Allstate in Northern Ireland
- Type: Subsidiary
- Industry: Software & Technology
- Founded: 1999; 27 years ago
- Headquarters: Belfast, Northern Ireland
- Key people: Stephen McKeown, Managing Director
- Products: Software
- Parent: Allstate
- Website: www.allstateni.com

= Allstate Northern Ireland =

Technology company headquartered in Northern Ireland

Allstate in Northern Ireland, also styled as Allstate NI, is a digital centre of excellence based in Belfast and Derry in Northern Ireland.

As of 2023, the company employs around 2,400 workers.

==History==
The company was previously known as "Northbrook Technology". As of May 7, 2008, Northbrook Technology was rebranded to Allstate in Northern Ireland.

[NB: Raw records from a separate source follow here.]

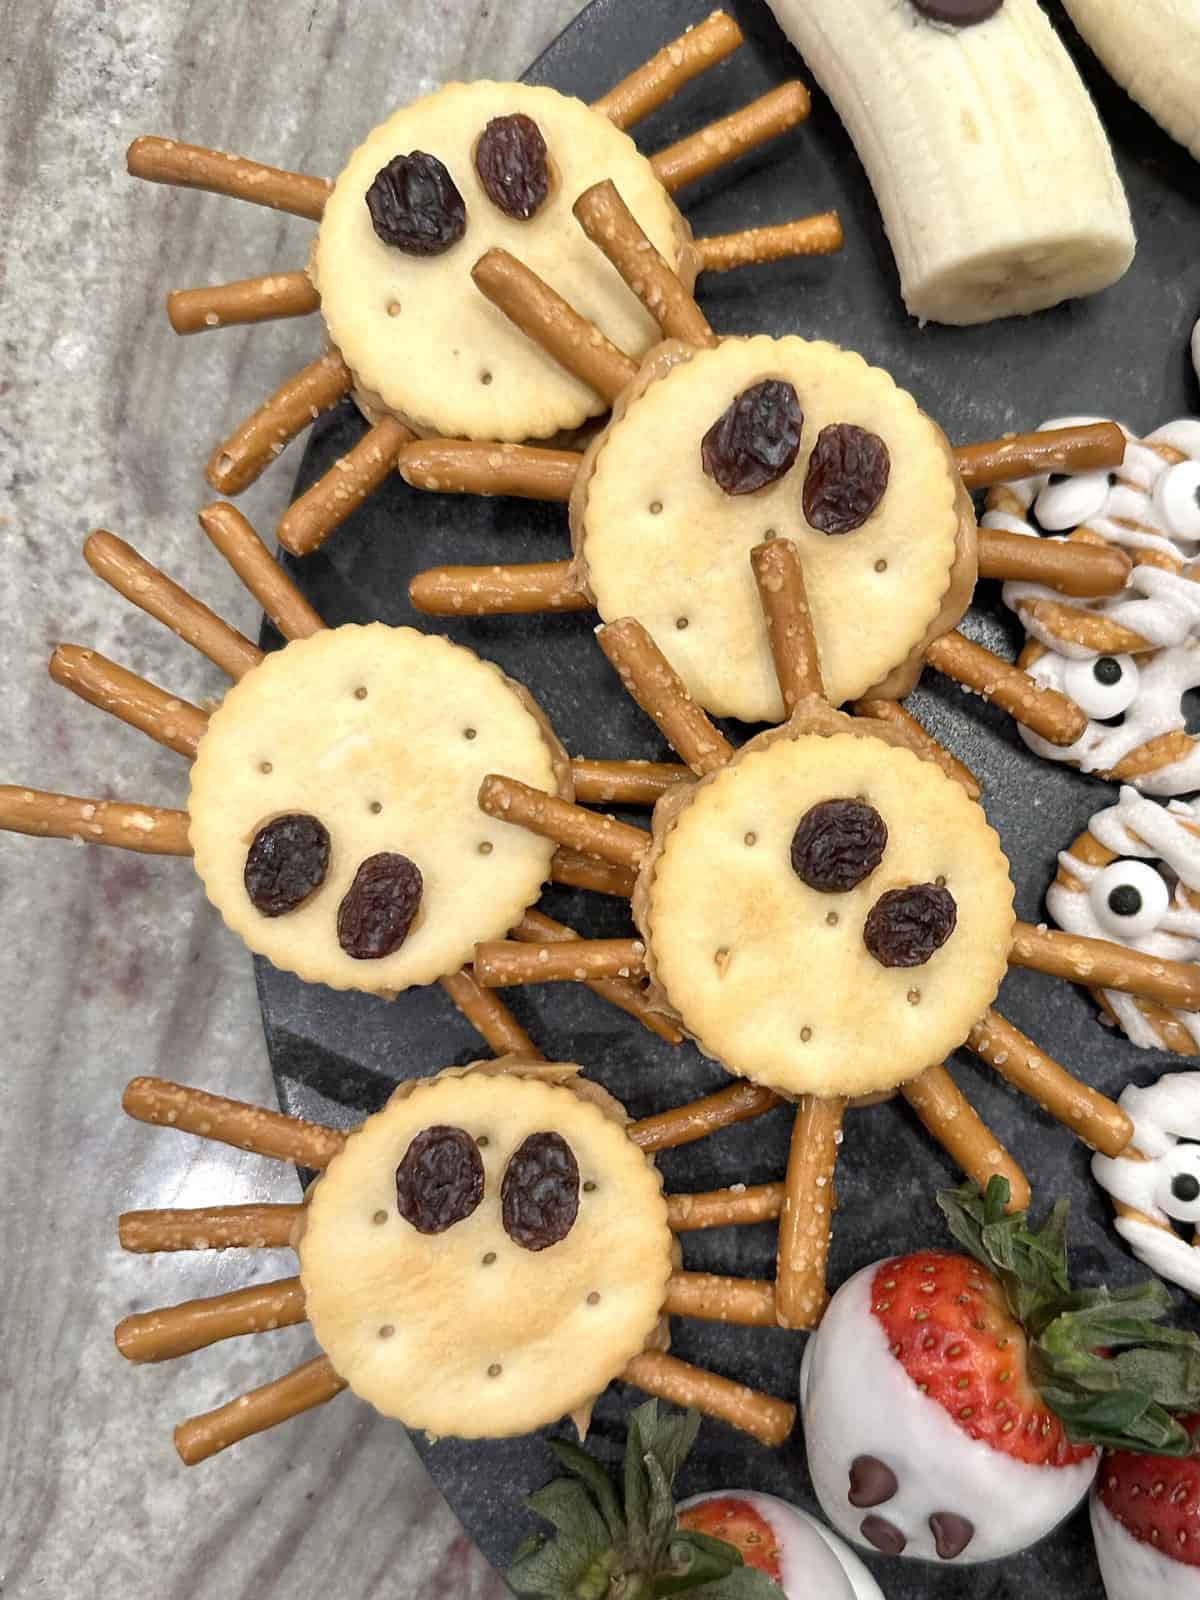 5 Spooky Cute Halloween Treats Peanut Butter Cracker Spiders by The BakerMama
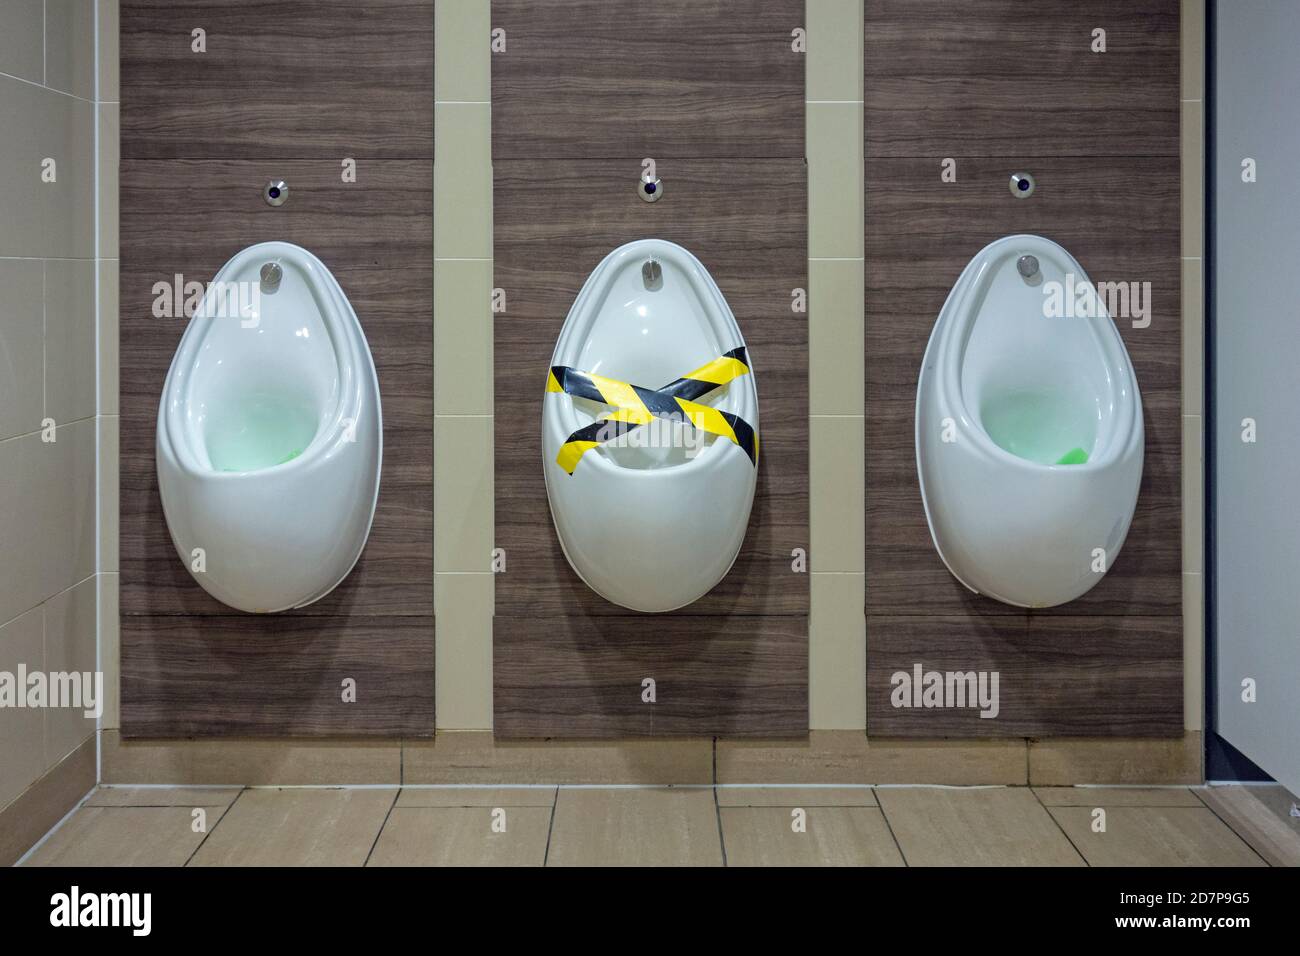 Gentlemen's urinals with one urinal taped off, Edinburgh Airport, Scotland Stock Photo
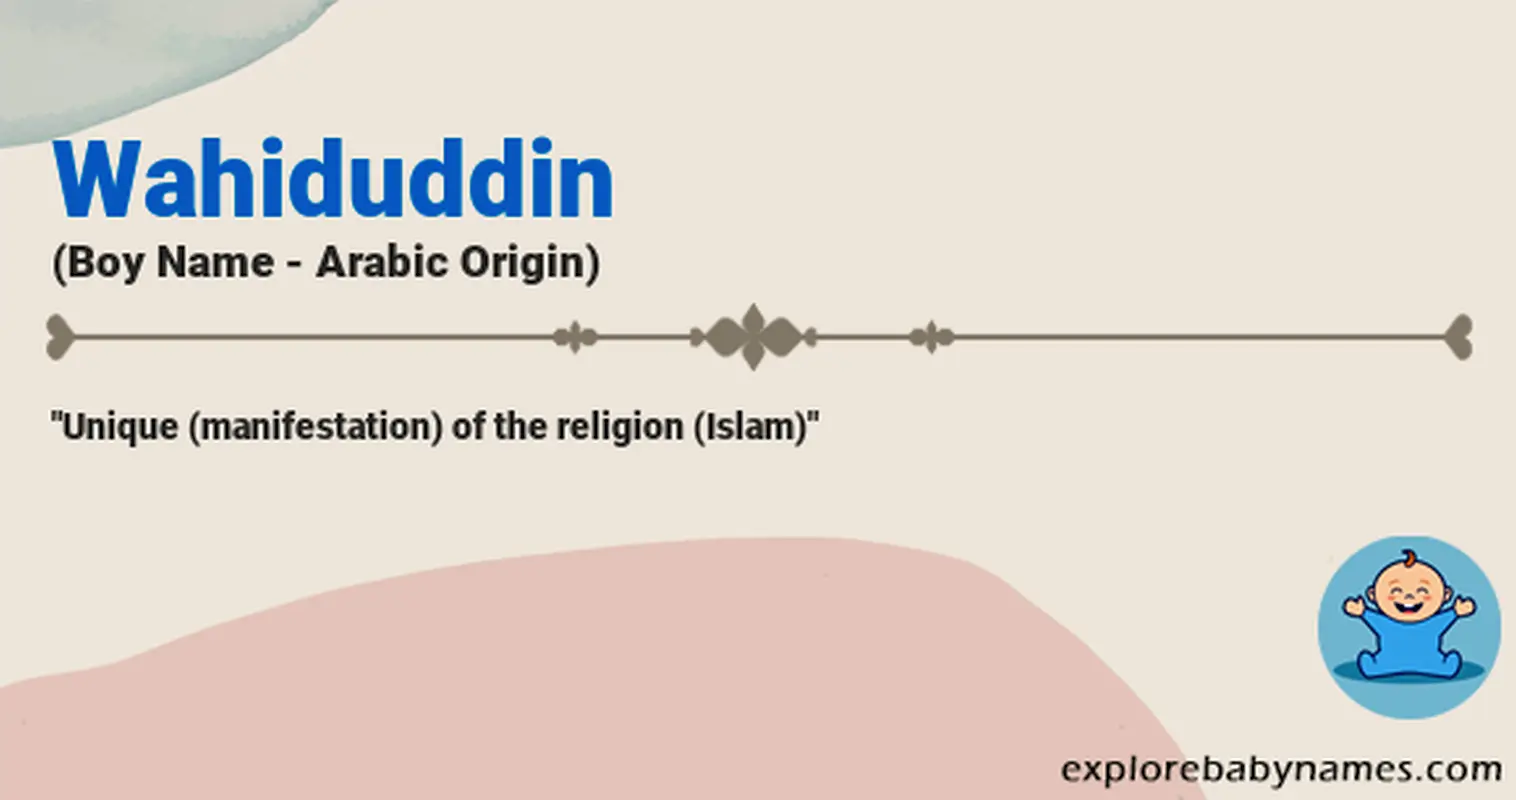 Meaning of Wahiduddin
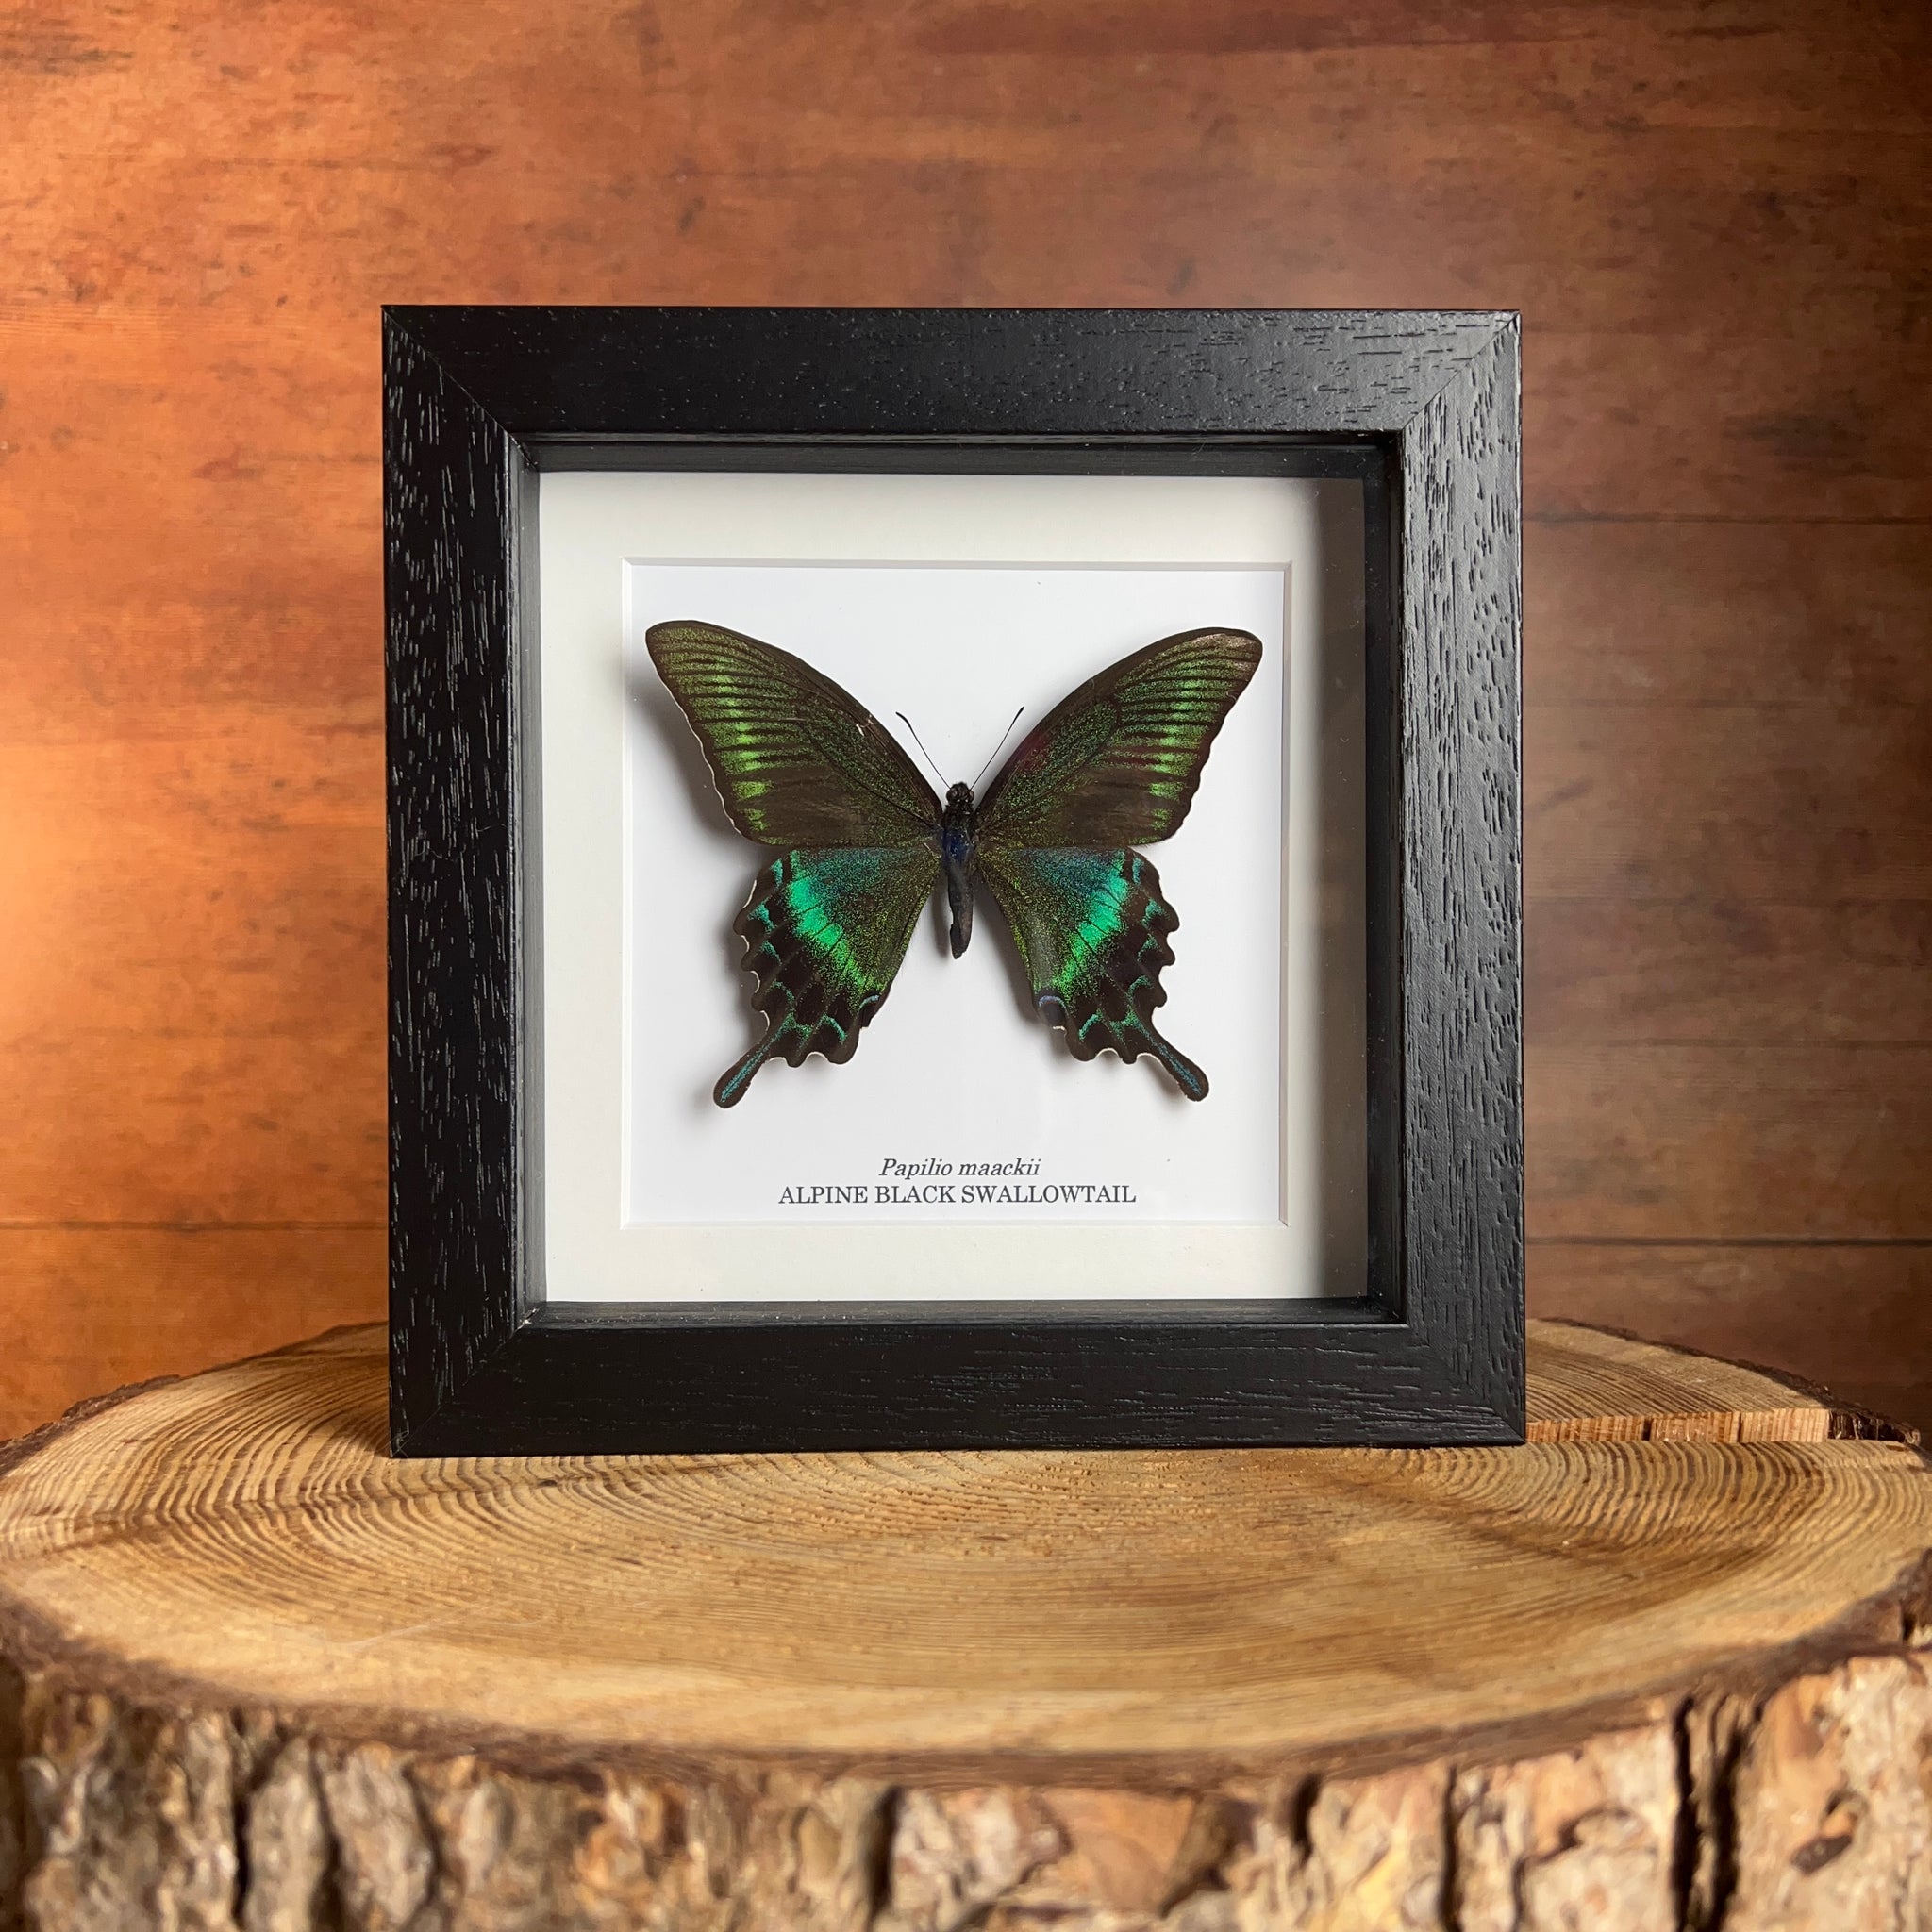 Alpine Black Swallowtail - Papilio maackii
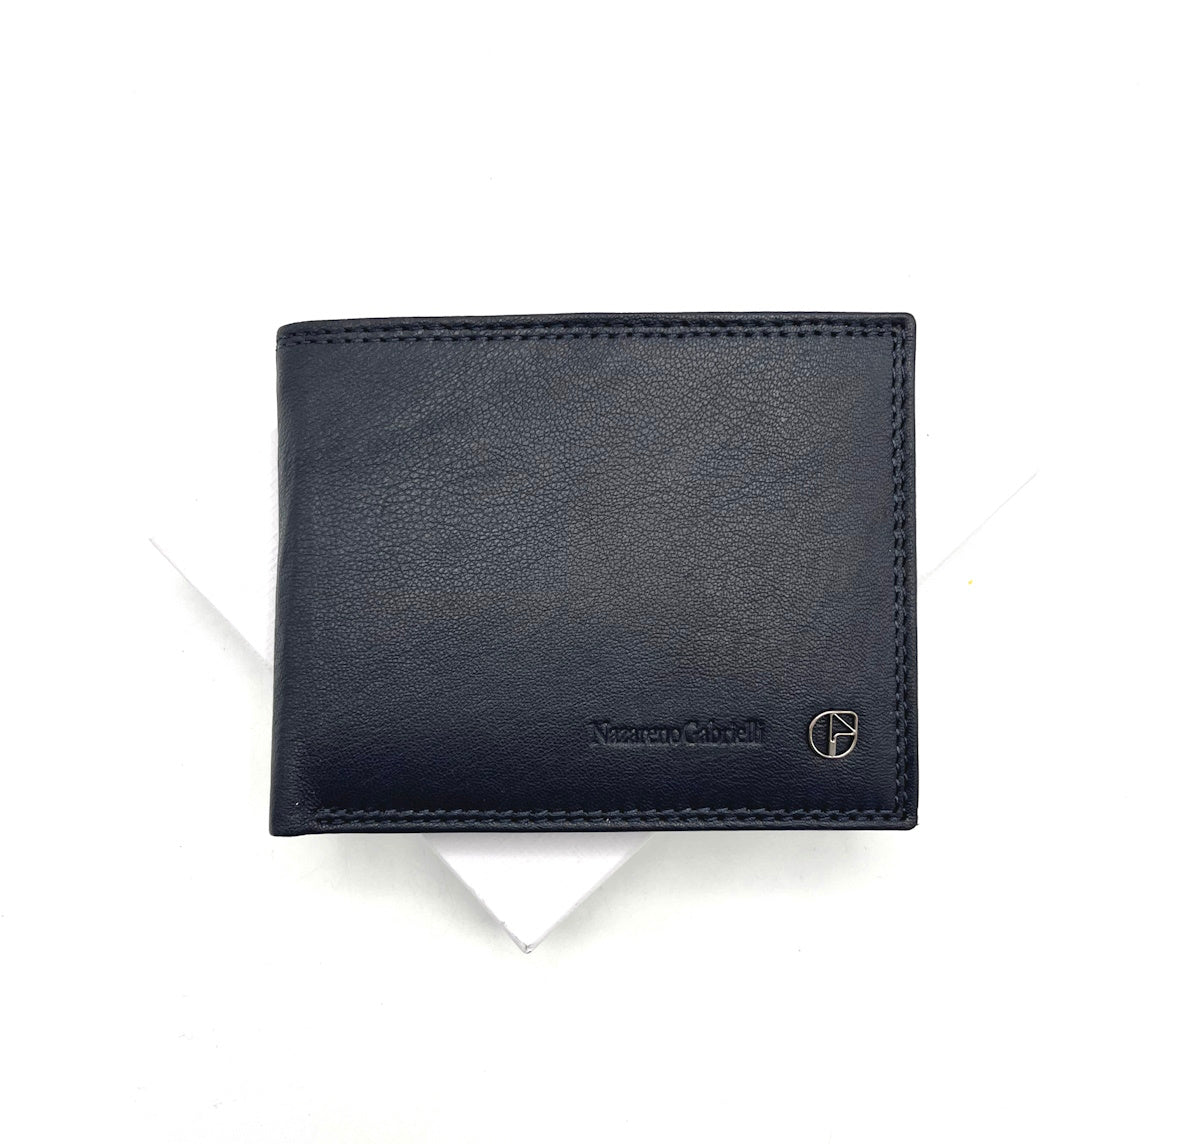 Genuine leather wallet, N.Gabrielli, art. PDK391-1

The company established its first office in Corporation Street, Belfast. The company then moved its headquarters to a larger building in Lanyon Place. In 2018 they moved into a new building in Mays Meadow.

In 2008 they opened another two offices in Derry Strabane. The Strabane office was due to close in 2023, with employees continuing to work from home.

In 2015, Allstate in Northern Ireland opened an Extreme Agile software development lab and learning space (CompoZed Labs) in its Belfast headquarters.

==Leadership==
In March 2023, Stephen McKeown became Vice President and Managing Director at Allstate NI.

==Awards==
Allstate NI has won business awards at local and national level, including two Queen's Award for Enterprise. for 'Best Enterprise and International Trade' in 2005 for 'Enterprise - Sustainable Development' in 2014.

In 2022, the company won 11 business and corporate awards, including Digital DNA’s Workplace of the Year.

In 2024 Allstate NI won Best Use of Cloud Services at the Belfast Telegraph IT Awards.

In 2025 Allstate NI won Best Place to Work in IT (Over 100 Employees) at the Belfast Telegraph IT Awards.